If we recognise that life is mainly educational, we shall neither be astonished nor disturbed by sorrows. It is not to be wondered at that the schoolmaster has a rod, and uses it sometimes. There is rest from evil even while in evil, if we understand the purpose of evil. Yet another consolation lies in the steadfast anticipation of its transiency and of the retribution measured to its doers. That is no unworthy source of comfort. And the ground on which it rests isthe impossibility of God's forsaking His people, His inheritance. These designations of Israel look back to ver. 5, where the crushed and afflicted are designated by the same words.

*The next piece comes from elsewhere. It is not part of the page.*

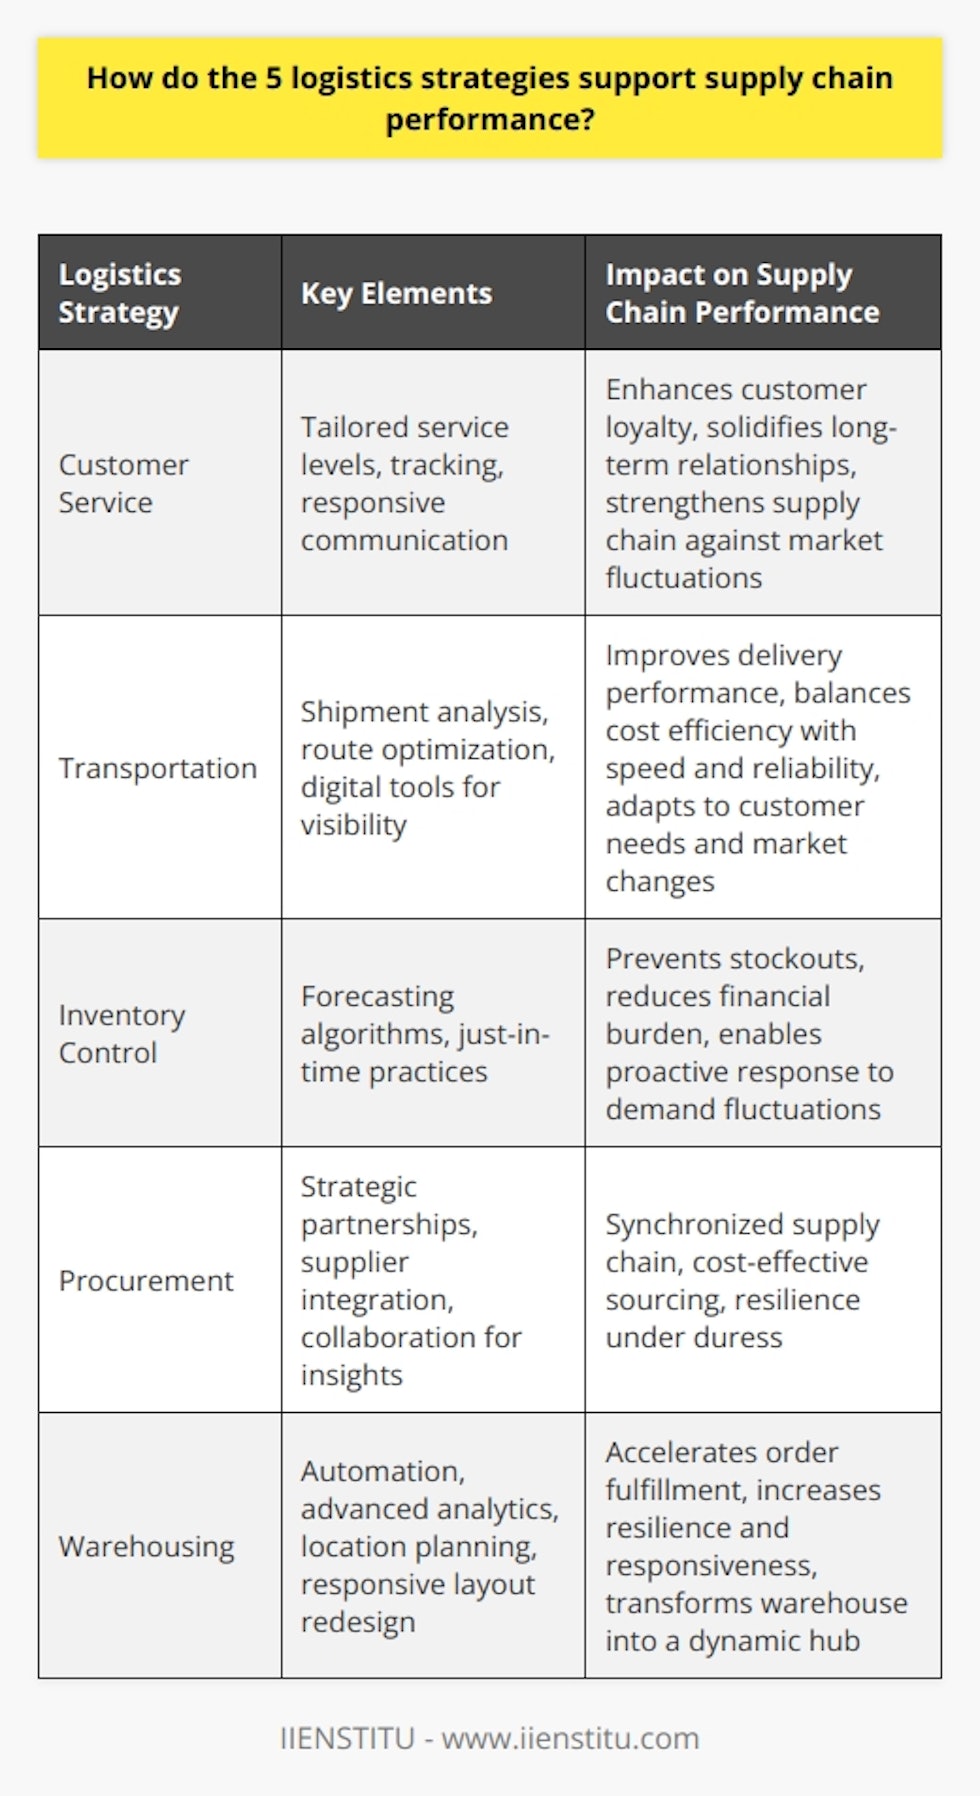 The synergy between the five core logistics strategies - customer service, transportation, inventory control, procurement, and warehousing - is essential for bolstering supply chain efficiency and responsiveness. Let's explore each of these components in detail.Customer Service as a Strategic AssetThe perception of logistics has evolved, with customer service emerging as a strategic asset in enhancing supply chain performance. By prioritizing customer needs through tailored service levels, tracking capabilities, and responsive communication, businesses build long-term relationships that fortify the supply chain against market fluctuations. This approach necessitates a deep comprehension of diverse customer segments, enabling the development of service models that are agile enough to adjust to changing expectations, thereby solidifying customer loyalty and encouraging repeat engagements.Transportation: The Lifeline of LogisticsTransportation serves as logistics' lifeline, orchestrating the physical flow of goods across the supply chain. A robust transportation strategy not only focuses on cost efficiency but also on achieving the right balance between speed, reliability, and flexibility. By analyzing shipment patterns and modal shifts, optimizing route planning, and embracing digital tools for real-time visibility, organizations can enhance delivery performance. A multifaceted transportation strategy is then capable of navigating complex trade-offs, ensuring that adapting to customer needs or market changes doesn't compromise operational efficiency.Inventory Control: The Fine BalanceThe prowess of a supply chain is often gauged by its inventory control mechanisms. Achieving a fine balance that prevents stockouts while avoiding excessive capital tie-up is crucial. Sophisticated forecasting algorithms and just-in-time practices reduce the financial burden of inventory, making room for a proactive approach to demand fluctuations. Such precision-calibrated inventory control not only ensures product availability but also contributes to a leaner, more robust supply chain that can weather the uncertainties of supply and demand with confidence.Procurement: The Strategic Partnership ApproachProcurement transcends traditional buy-sell transactions, evolving into a strategic partnership that fortifies the supply chain. By forging strong alliances with key suppliers and integrating them into the planning process, businesses can achieve a more synchronized supply chain. These collaborations enable sharper insights into material availability, potential bottlenecks, and cost-saving opportunities. When procurement strategies are aligned with overall supply chain goals, the result is a resilient and cost-effective sourcing mechanism that supports performance even under duress.Warehousing: Innovation and IntelligenceThe warehousing strategy, when executed with innovation and intelligence, can serve as a pivotal force in the supply chain. Technological advancements such as automation and advanced analytics have transformed warehousing from a static storage space to a dynamic hub that actively manages throughput. Through strategic location planning, responsive layout redesign, and smart inventory placement, warehousing can dramatically accelerate order fulfillment and bolster the entire supply chain's resilience and responsiveness.By integrating these five essential logistics strategies into a coherent framework, organizations can create a supply chain that not only withstands the test of volatile market conditions but thrives amidst them. The ongoing pursuit of excellence in these areas will continue to define the competitive landscape for businesses that are intent on delivering unmatched customer value through superior supply chain performance.

Israel's relation to Jehovah made the calamities more startling; but it also makes their cessation, and retribution for them on their inflicters, more certain. It is the trial and triumph of Faith to be sure, while tyrants grind and crush, that Jehovah has not deserted their victims. He cannot change His purpose; therefore, sorrows and prosperity are but divergent methods, concurring in carrying out His unalterable design. The individual sufferer may take comfort from his belonging to the community to which the presence of Jehovah is guaranteed for ever. The singer puts his convictions as to what is to be the upshot of all the perplexed riddles of human affairs into epigrammatic form, in the obscure, gnome-like saying, "To righteousness shall judgment return," by which he seems to mean that the administration of justice, which at present was being trampled under foot, "shall come back to the eternal principle of all judicial action, namely, righteousness,"—in shorter words, there shall be no schism between the judgments of earthly tribunals and justice. The psalmist's hope is that of all good men and sufferers from unjust rulers. All the upright in heart long for such a state of things and follow after it, either in the sense of delight in it ("Dem Recht müssen alle frommen Herzen zufallen"—Luther), or of seeking to bring it about. The psalmist's hope is realised in the King of Men, whose own judgments are truth, and who infuses righteousness and the love of it into all who trust in Him.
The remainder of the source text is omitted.